The issues facing New Zealand in the future are likely to be economic and environmental. Labour will have to have people who can sell policies in both areas, whether it is water rights & cleaning up rivers, lowering compliance costs and ACC levys for self employed tradies, or increasing average incomes for all New Zealanders.

These are very different issues to those old MPs like Goff, King, Mallard, Dyson, Dalziel, Street, Horomia, Ross Robertson and Barker cut their teeth on. All of these MPs are either too closely associated with the past, or too grey to sell new policy, and need to go.

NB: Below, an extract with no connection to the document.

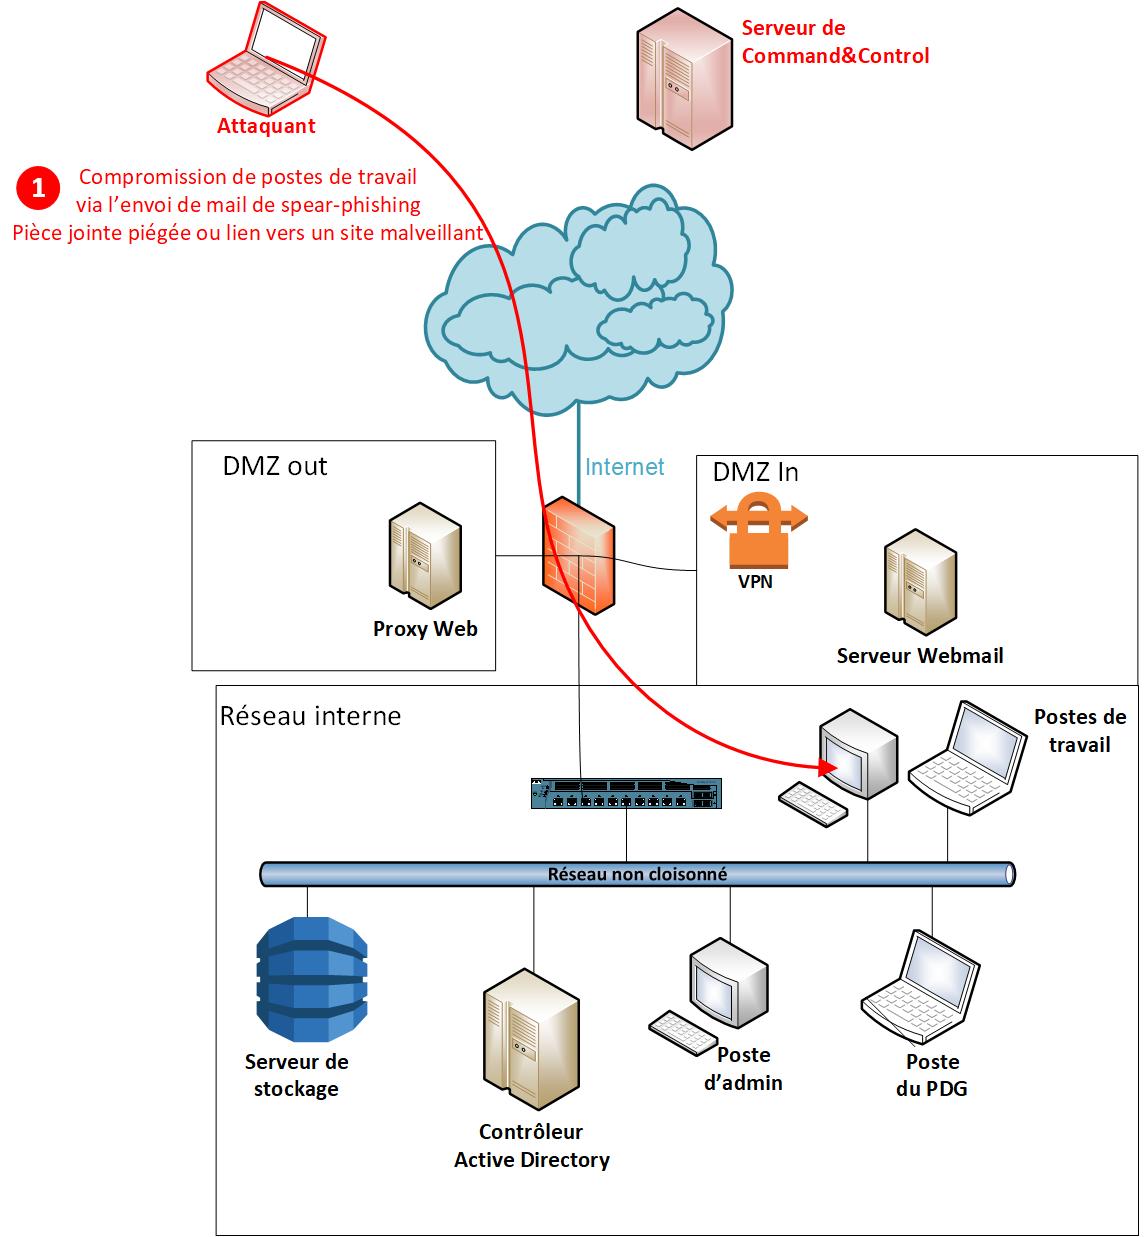 APT - Etape de Compromission initiale de postes de travail via l'envoi de mails de spear phishing (pièce jointe piégée ou lien vers un site malveillant).
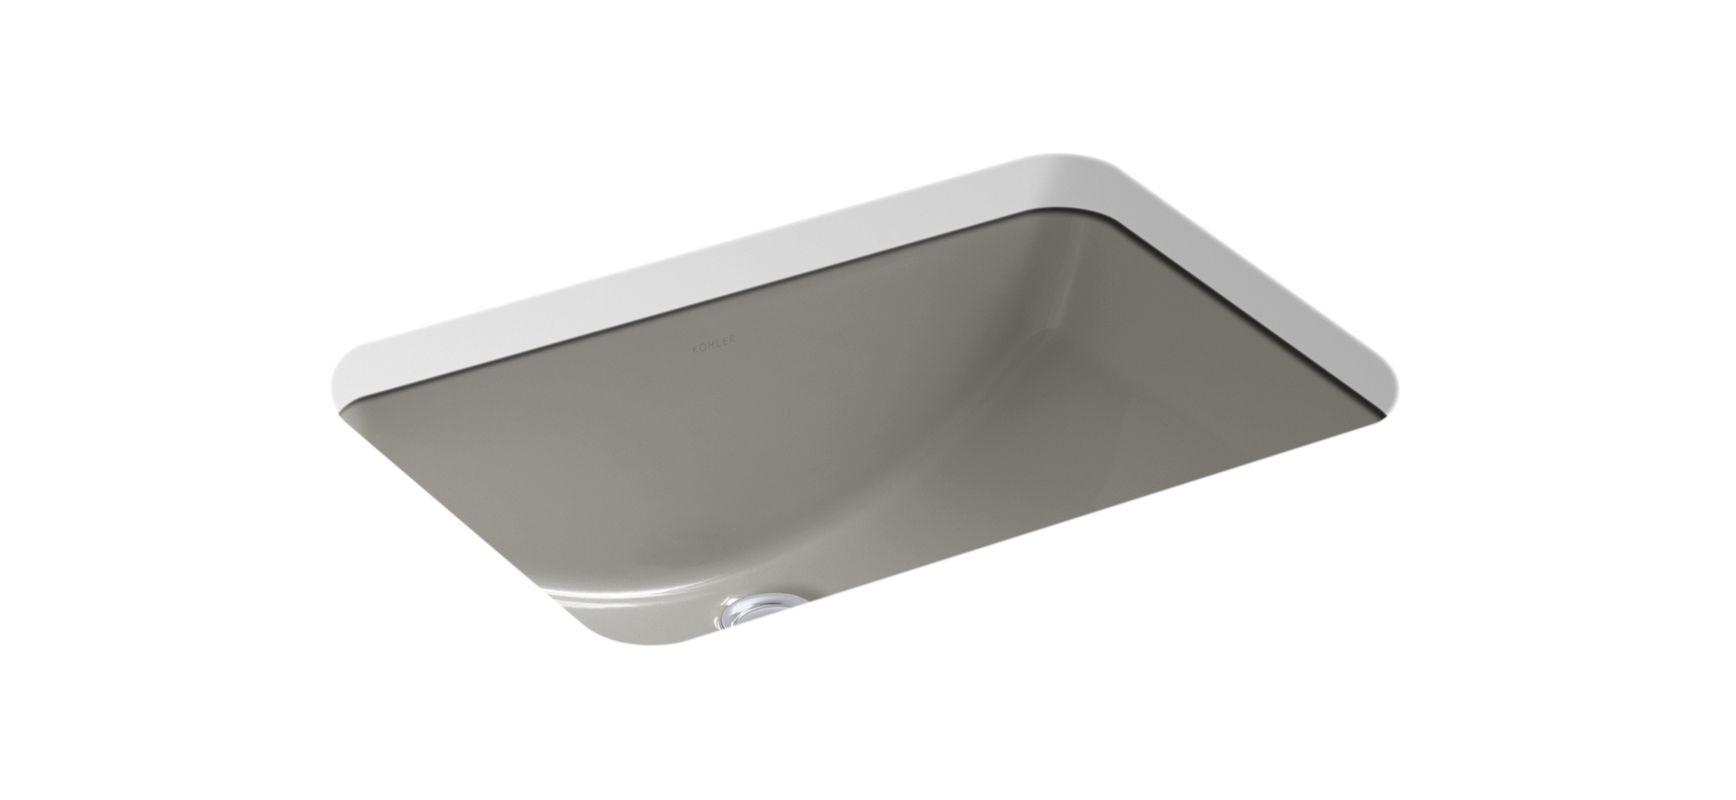 ... Kohler Ladena Sink K 2214 By Kohler K 2214 K4 Cashmere Ladena 18 3 8  Quot ...

It will be easy to see if Labour are serious about winning in 2014. Immediately the new leader comes in they will tell all the above MPs they should retire for the good of Labour, and if that means by-elections so be it.

The next indication of Labour’s seriousness in winning in 2014 will be to recruit MPs who can win votes in middle New Zealand to replace those in safe red seats. Careful management of selection processes will be required to make sure more MPs like Stu Nash make it into caucus rather than decidedly average union hacks like Carol Beaumont or Carmel Sepuloni.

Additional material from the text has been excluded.